I keep getting an error on this challenge telling me to make sure my method returns a nicely formatted string, but it does return a formatted string. I tried the code I ran in a workspace and it returned 'The remainder of 100 divided by 2 is 0. ' I don't understand what I am doing wrong.

method.rb
def mod(a,b)
  puts "The remainder of #{a} divided by #{b} is #{a%b}."
end
mod(100,2)

1 Answer

andren
andren
28,558 Points

Your code prints a nicely formatted string, it does not return it. This is an extremely common misconception among beginners, printing something (with puts for example) and returning something are two very different things. They only appear to behave somewhat similarly when you are doing very simple tasks, and when using the ruby REPL for simple examples.

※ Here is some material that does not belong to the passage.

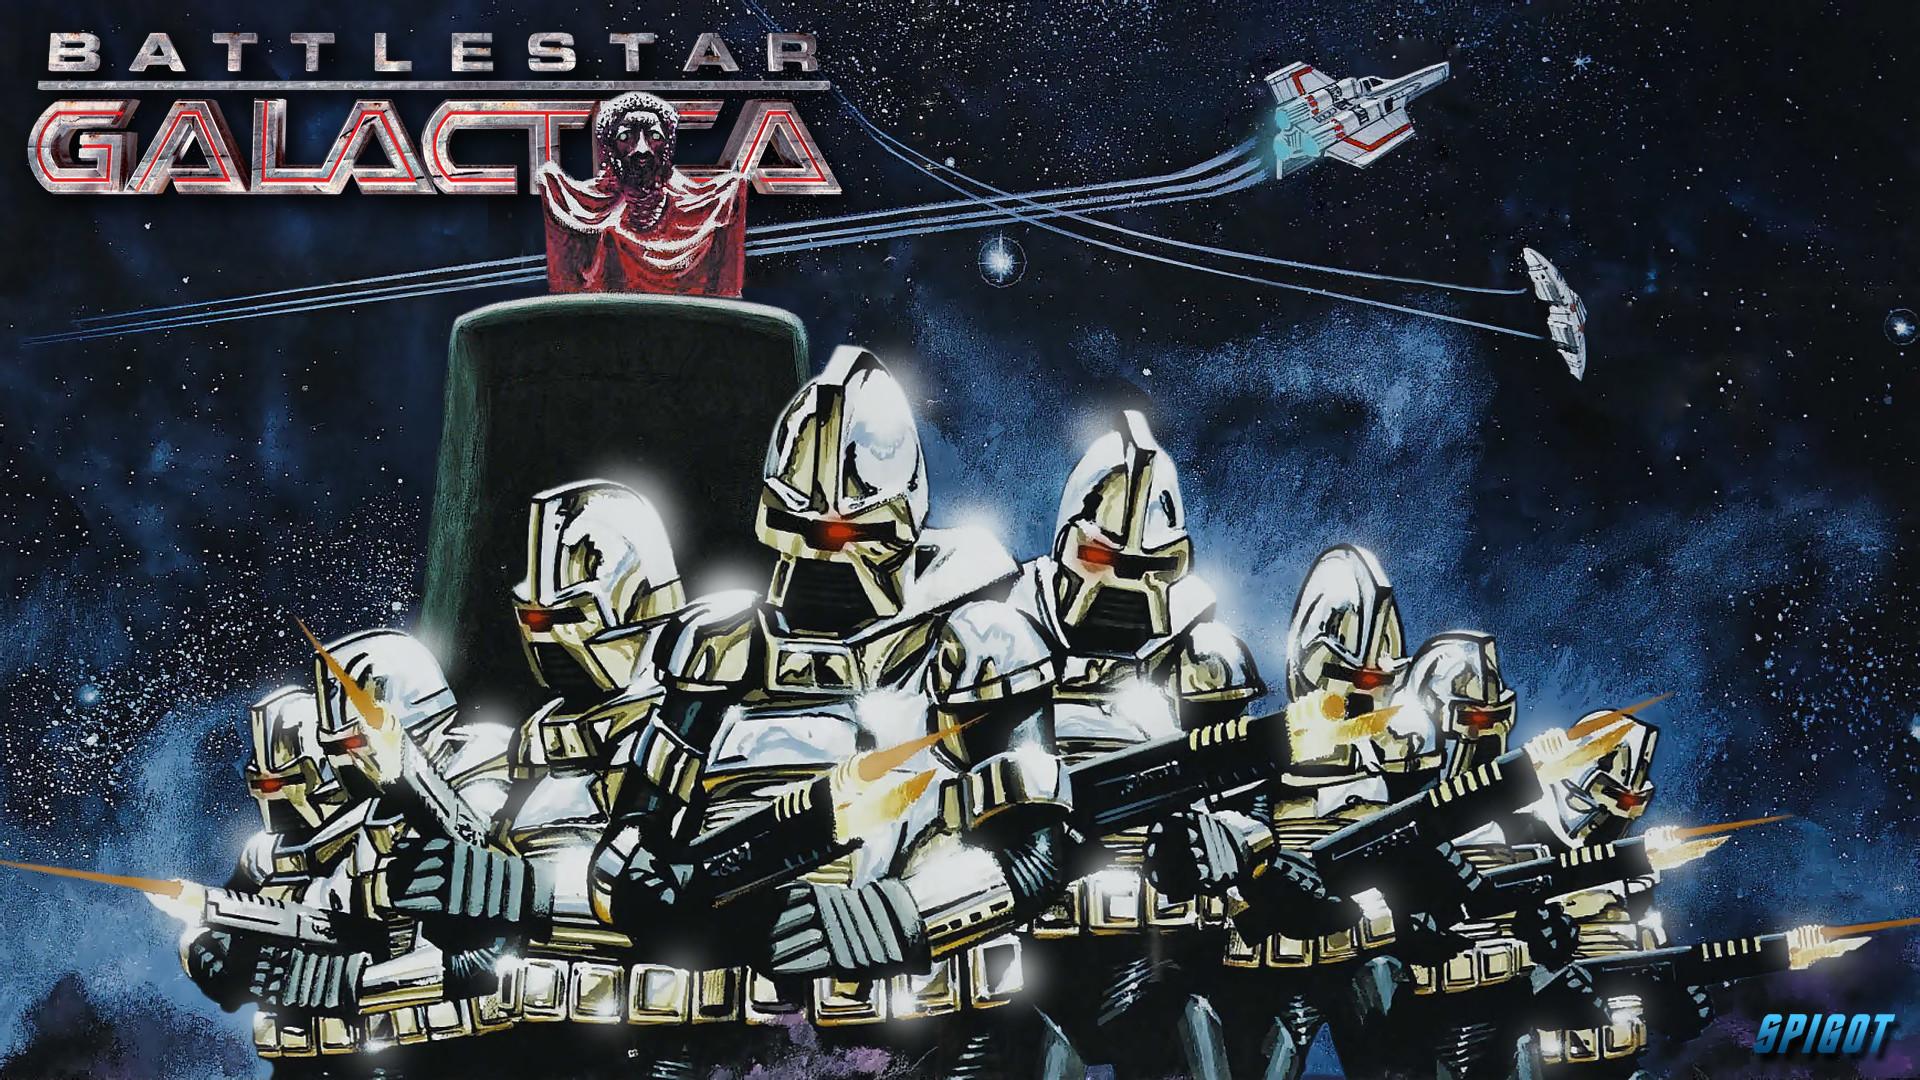 TV Show – Battlestar Galactica (1978) Wallpaper

To return something you have to either use the keyword return, like this:

def mod(a,b)
  return "The remainder of #{a} divided by #{b} is #{a%b}."
end

Or make use of a Ruby feature called "implicit return" where Ruby automatically returns whatever value is located in the last statement of your method, which would look like this in this case:

def mod(a,b)
  "The remainder of #{a} divided by #{b} is #{a%b}."
end

Getting into exactly what return does vs puts is a bit difficult without getting into more complex code examples and concepts. But in essence you are returning the value to the code that called the method, rather than simply printing the value to the screen. It's something that will start to make more sense on as you get further into the course, and start to see practical examples of return being used.